§ **Required action**
Give the data below again exactly, and drop each picture from it.

§ **Data section**
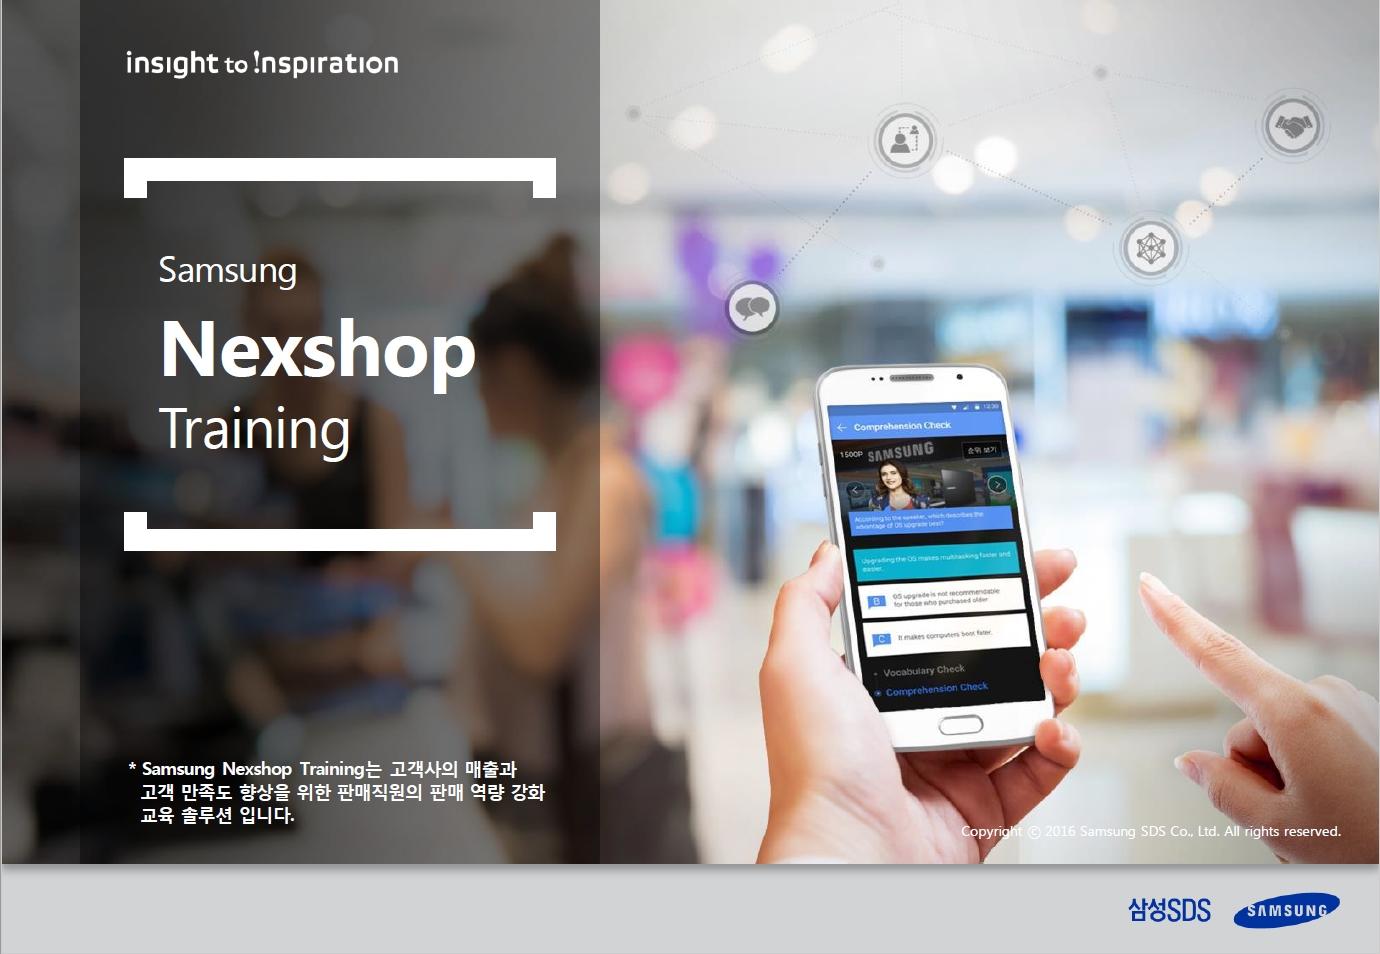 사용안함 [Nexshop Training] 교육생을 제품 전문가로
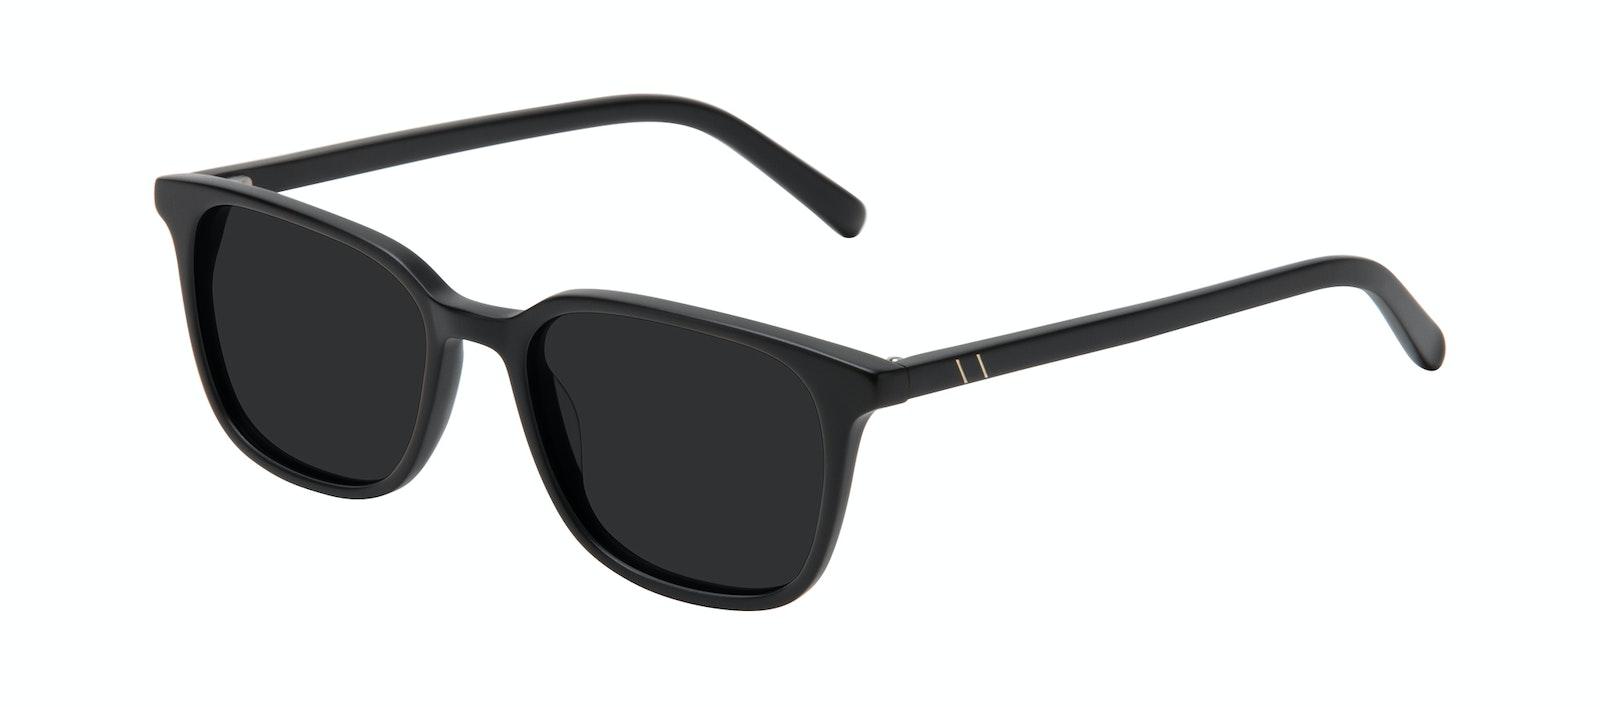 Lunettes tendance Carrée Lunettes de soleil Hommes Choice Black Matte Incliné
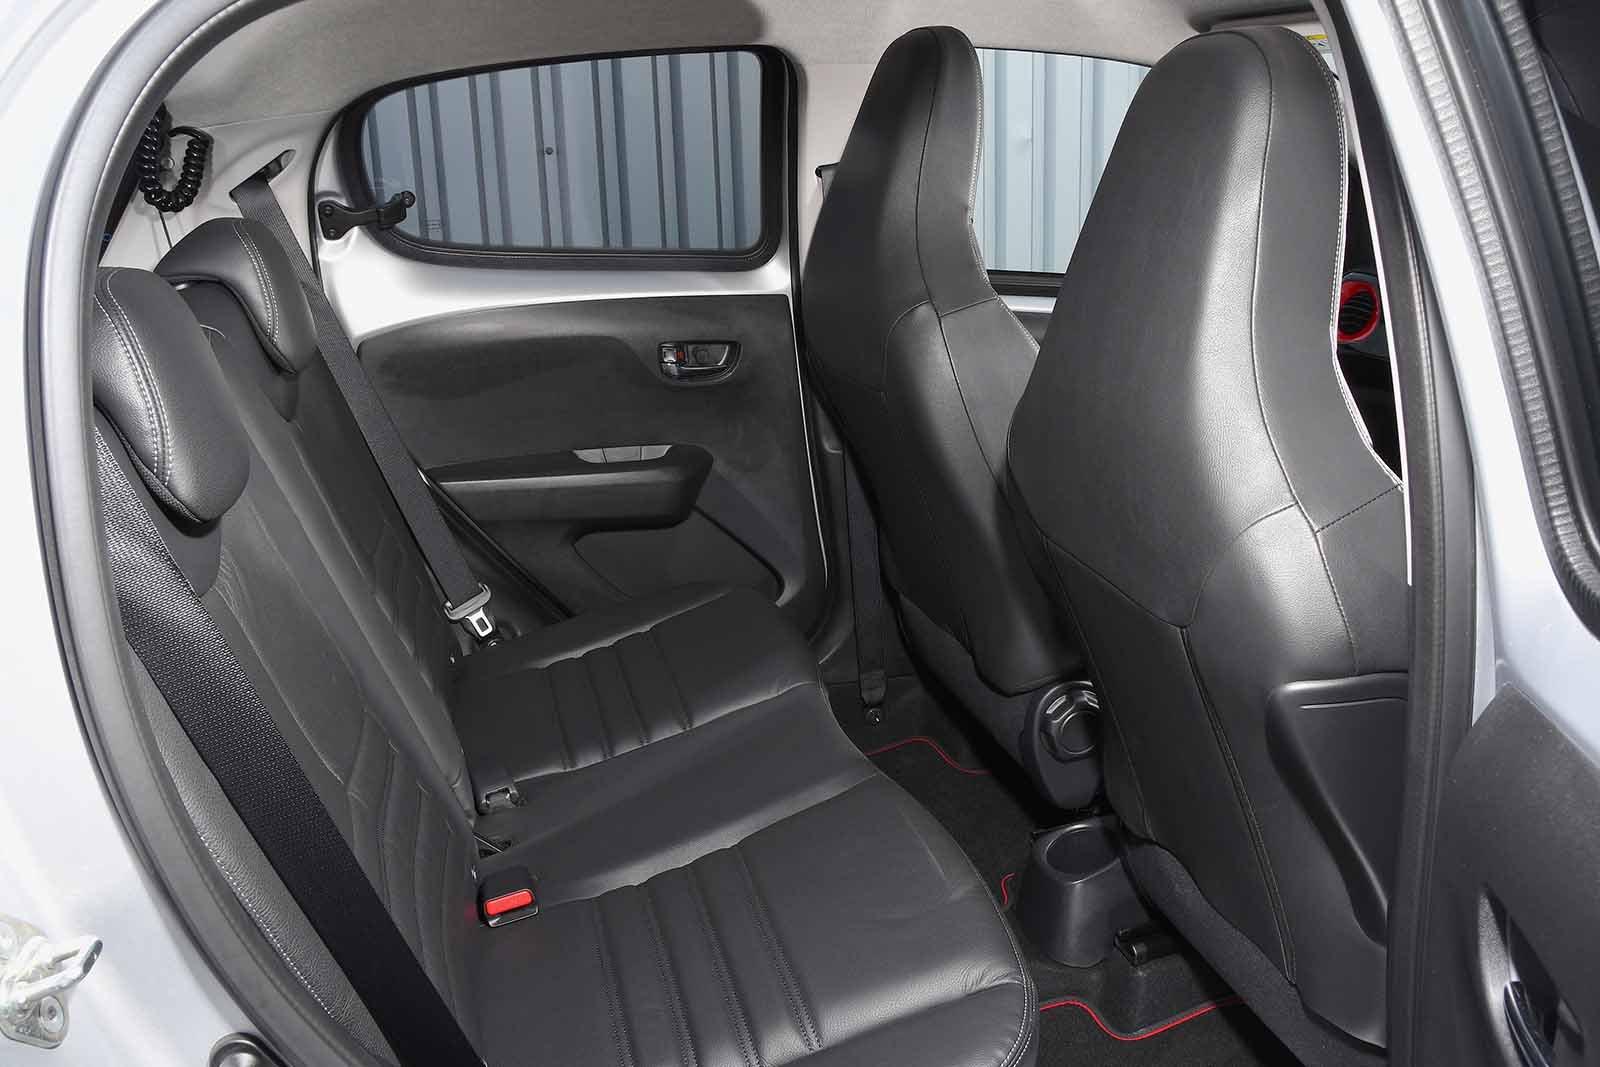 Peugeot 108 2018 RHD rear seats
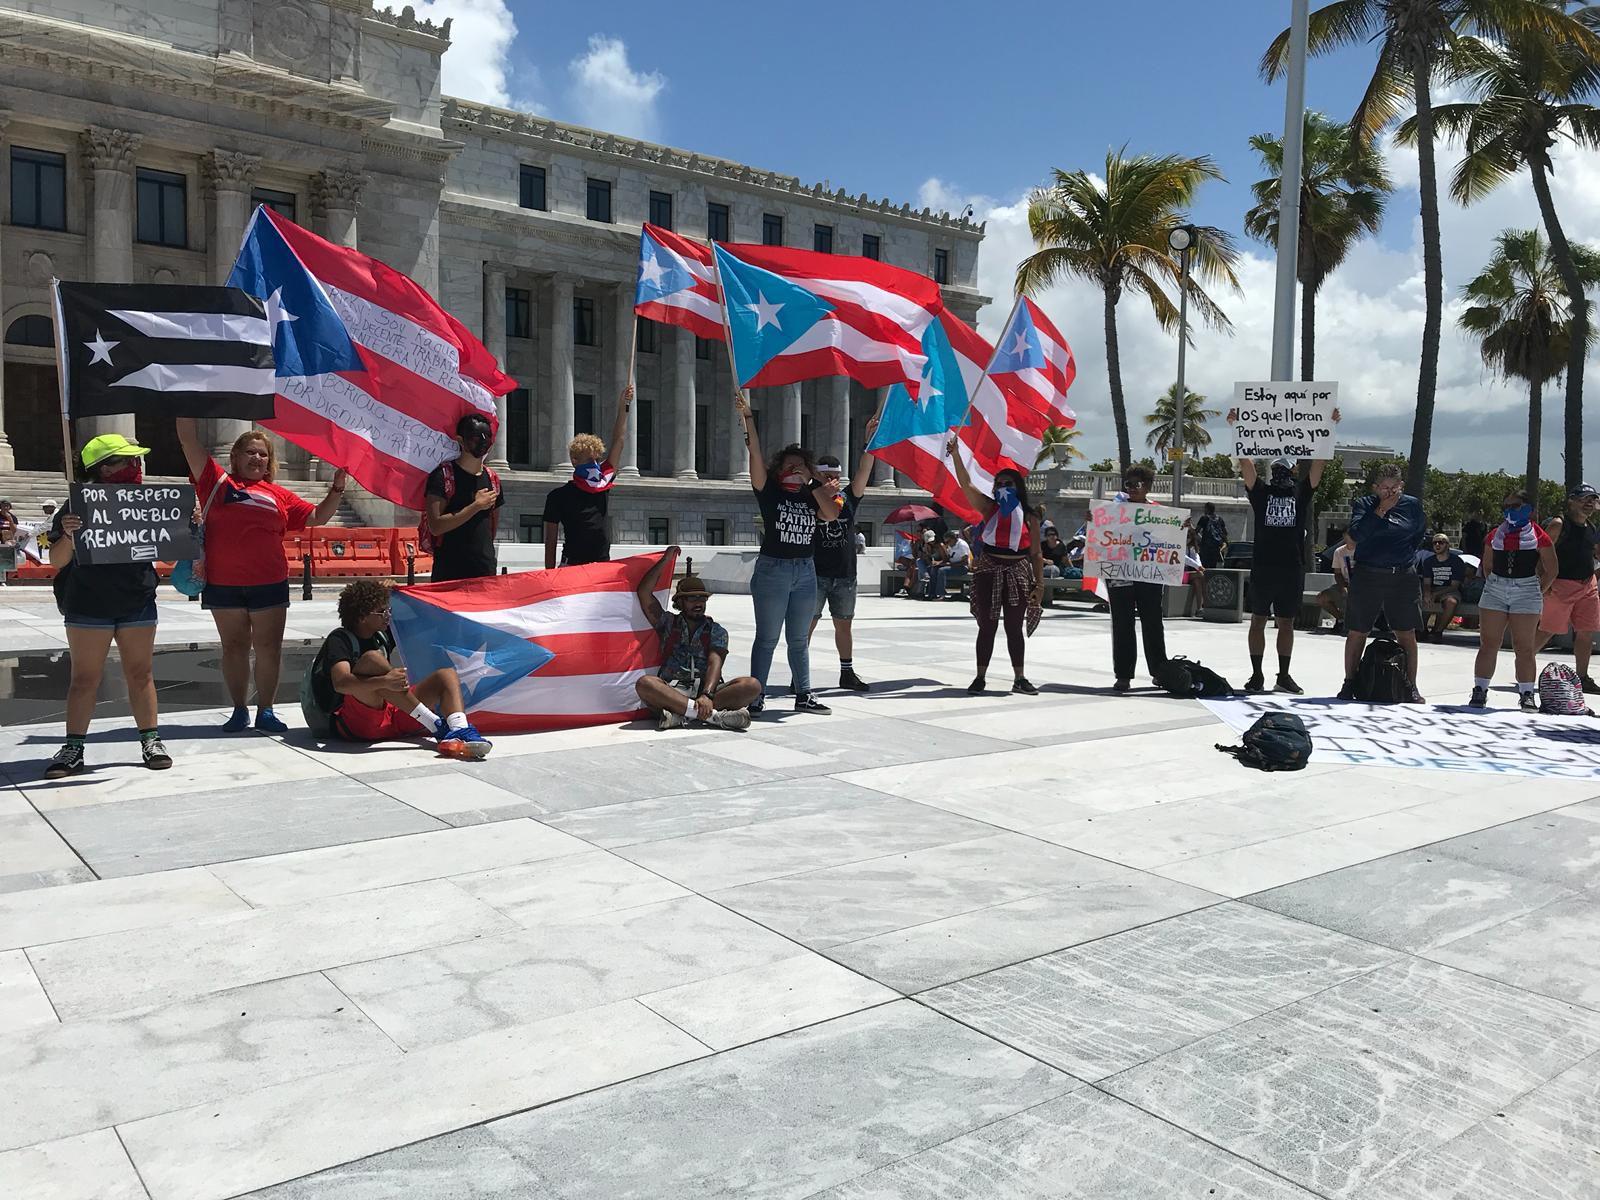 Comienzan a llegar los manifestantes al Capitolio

§ **Solution to this task**
 사용안함 [Nexshop Training] 교육생을 제품 전문가로
 Lunettes tendance Carrée Lunettes de soleil Hommes Choice Black Matte Incliné
 Peugeot 108 2018 RHD rear seats
 Comienzan a llegar los manifestantes al Capitolio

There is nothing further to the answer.